Beruntunglah kita, karena ada karya baru dari Jan Breman yang dapat membantu kita memahami asal-usul kemiskinan rakyat itu. Buku yang baru terbit 2010 karya Profesor Jan Breman dari Universitas Amsterdan, Belanda, itu pada mulanya berbahasa Belanda Koloniaal profijt van onvrije arbeid: het Preanger stelsel van gedwongen koffieteelt op Java, 1720-1870 (Amsterdam: Amsterdam University Press, 2010). Empat tahun kemudian, versi Bahasa Indonesia buku tersebut terbit menjadi Keuntungan Kolonial dari Kerja Paksa, Sistem Priangan dari Tanah Paksa Kopi di Jawa, 1720-1870 (Jakarta: Yayasan Obor, 2014). Lalu, pada tahun 2015 terbit, versi bahasa Inggris Mobilizing Labour for the Global Coffee Market: Profits from an Unfree Work Regime in Colonial Java (Chicago: Chicago University Press, 2015).
Isi buku itu menjelaskan bagaimana kuntungan kolonial didapat dengan cara menaklukan dan memeras penduduk pribumi Priangan.
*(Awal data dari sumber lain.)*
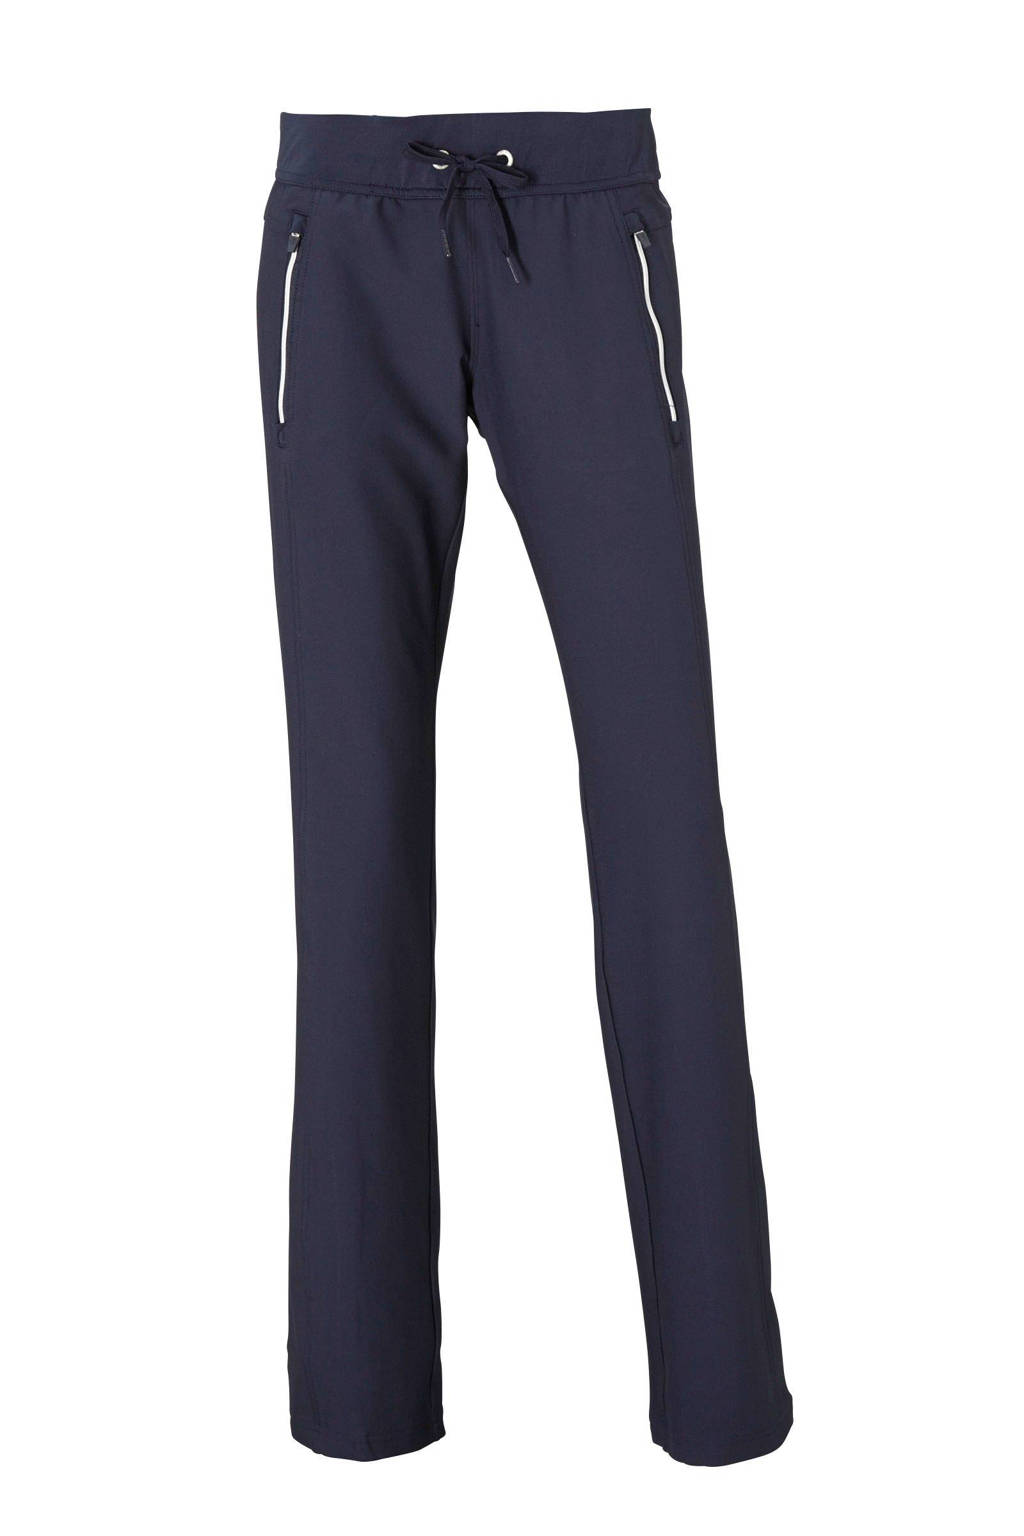 Sjeng Sports broek Gabriella donkerblauw, Donkerblauw

Sejalan dengan tema ini, saya menulis suatu artikel cukup panjang di majalah Sundalana yang akan terbit di awal tahun 2016, bertema “Sketsa Tiga Abad Politik Agraria di Tatar Priangan”. Karya itu bermaksudkan untuk “Nanjeurkeun Obor, jang Nyageurkeun Panyakit Poho Sajarah”. Kalimat “nyaangan deui nu pareumeun obor”, secara harfiah berarti “memberikan cahaya pada mereka yang obornya telah mati”. Karya itu seperti nyukcruk galur, mapay laratan dengan cara menunjukkan sketsa perjalanan politik agraria di Tatar Priangan semenjak wilayah Priangan diserahkan oleh Mataram ke VOC (Vereenigde Oost Indische Compagnie) dalam dua kali perjanjian (1667 dan 1705), sebagai balas jasa kepada VOC yang telah membantu penyelesaian perebutan kekuasaan di Mataram. Politik agraria yang dimaksud mencakup cara penguasa negara mengatur siapa-siapa dan bagaimana orang-orang dan badan-badan hukum bisa (dan juga tidak bisa) menguasai, memiliki, menggunakan, memanfaatkan, dan mendapatkan kekayaan dari tanah dan sumber daya alam. Tulisan saya itu mengajak pembaca menelusuri isi politik agraria, kondisi-kondisi yang membentuknya, cara-cara menjalankannya dan akibat-akibat khusus dari padanya, khususnya terhadap kemiskinan petani, dan bentuk-bentuk sistem produksi agraria, seperti perladangan, perkebunan, wana tani, dan sebagainya. Tulisan itu cocok untuk menjadi pengiring membaca buku Jan Breman (2014) Keuntungan Kolonial dari Kerja Paksa.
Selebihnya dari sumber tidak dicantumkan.